Jhamal throws his blade; it swivels and whistles over my shoulder. Somewhere behind me someone groans before hitting the ground. Rahk covers himself with his shield, the ferocity in his eyes dimming. The ground is a sea of carnage and ash on both sides.

“What should we do?” Rahk asks again, his gaze darting between us. Jhamal looks at me too.

“I—” I break out into cold sweat.

“Jelani?”

“I, uh—” My heart races. “Go back through the forest. We need cover. You all do. Get inside Yiyo Peak. Bar the door shut. I’ll finish them off out here.”

“What?” Jhamal cuts in, but Rahk doesn’t wait to hear. He runs off to grab the others.

“Jhamal, go with them. Defense isn’t enough. Without you all armed with magic, it’s— I missed the moment I needed. Having you out here now is too big of a risk.”

“No.” His jaw flinches and he deepens his stance, his mug mean.

“You have to listen to me!” I grip his arms. “You will die out here, you hear me? GO!” I shove his chest. “Listen to me, dammit!”

His nostrils flare.

“Please.”

He doesn’t move for several moments. We cut down three others, back-to-back, before he pulls me to him, presses his lips to mine, and retreats into the forest.

I sense the Chancellor before I see him.

“It’s finally just you and me then, Jelani.” His eyes flick to my gleaming wrists and I swear he licks his lips. I raise my arms, summoning my magic. A ball of light glows brighter between my shaky hands.
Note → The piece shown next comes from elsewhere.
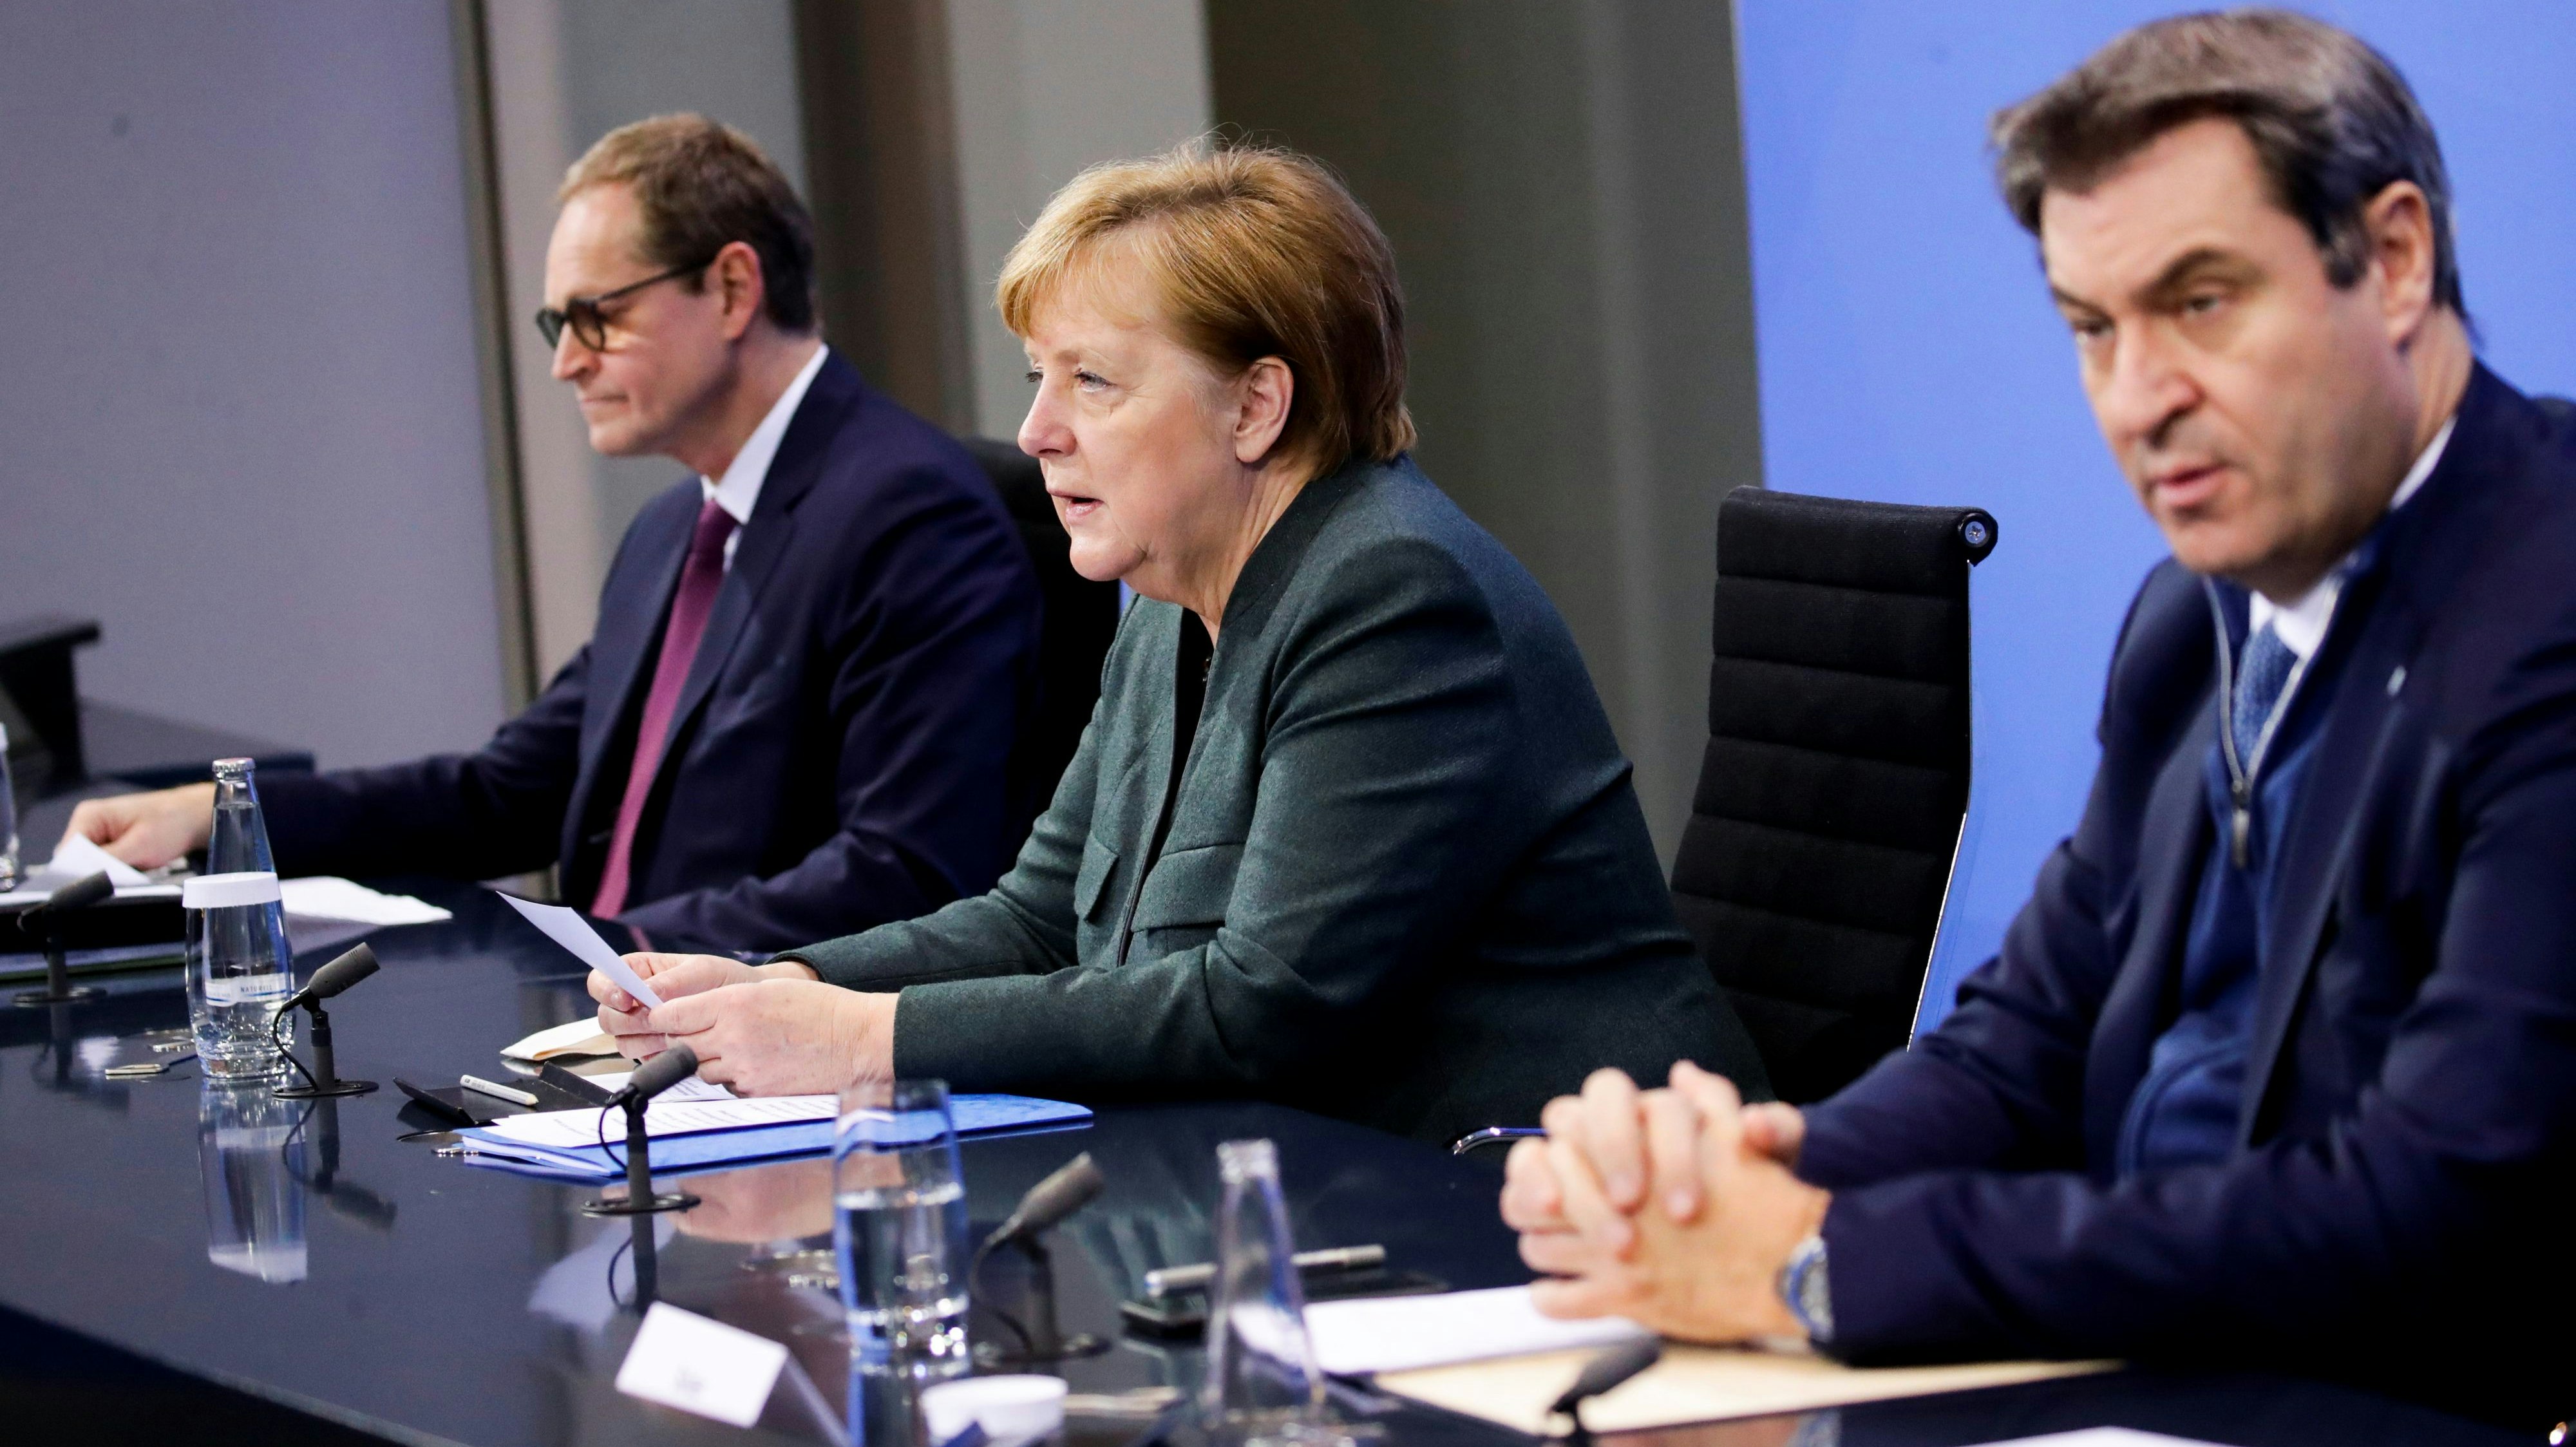 Bundeskanzlerin Angela Merkel (Mitte, CDU), Berlins Regierender Bürgermeister Michael Müller (links, SPD) und der CSU-Vorsitzende Markus Söder geben eine Pressekonferenz im Bundeskanzleramt zu den Ergebnissen der Bund-Länder-Beratungen. Foto: dpa/Hanschke/Reuters/Pool

Magic flickers on his fingers, but I react first.

“Ah!” I fire at him.

But the world goes lopsided.

My head is wet and sticky, my fingers red. I blink. Someone pulls me. No, I try to say, but the words only play in my head. I spot Jhamal, running faster than the wind toward me, fury in his eyes. His javelin flies from his fingers and someone holding me lets go. But others grab hold of me. I can’t move. I can’t breathe.

“No!” Jhamal roars, fighting through the army of them growing around me. Their prize. The prey they’ve hunted for so long. Captured. I look for someone, anyone, to help. But all I smell is the mountain where I sent my people—burning.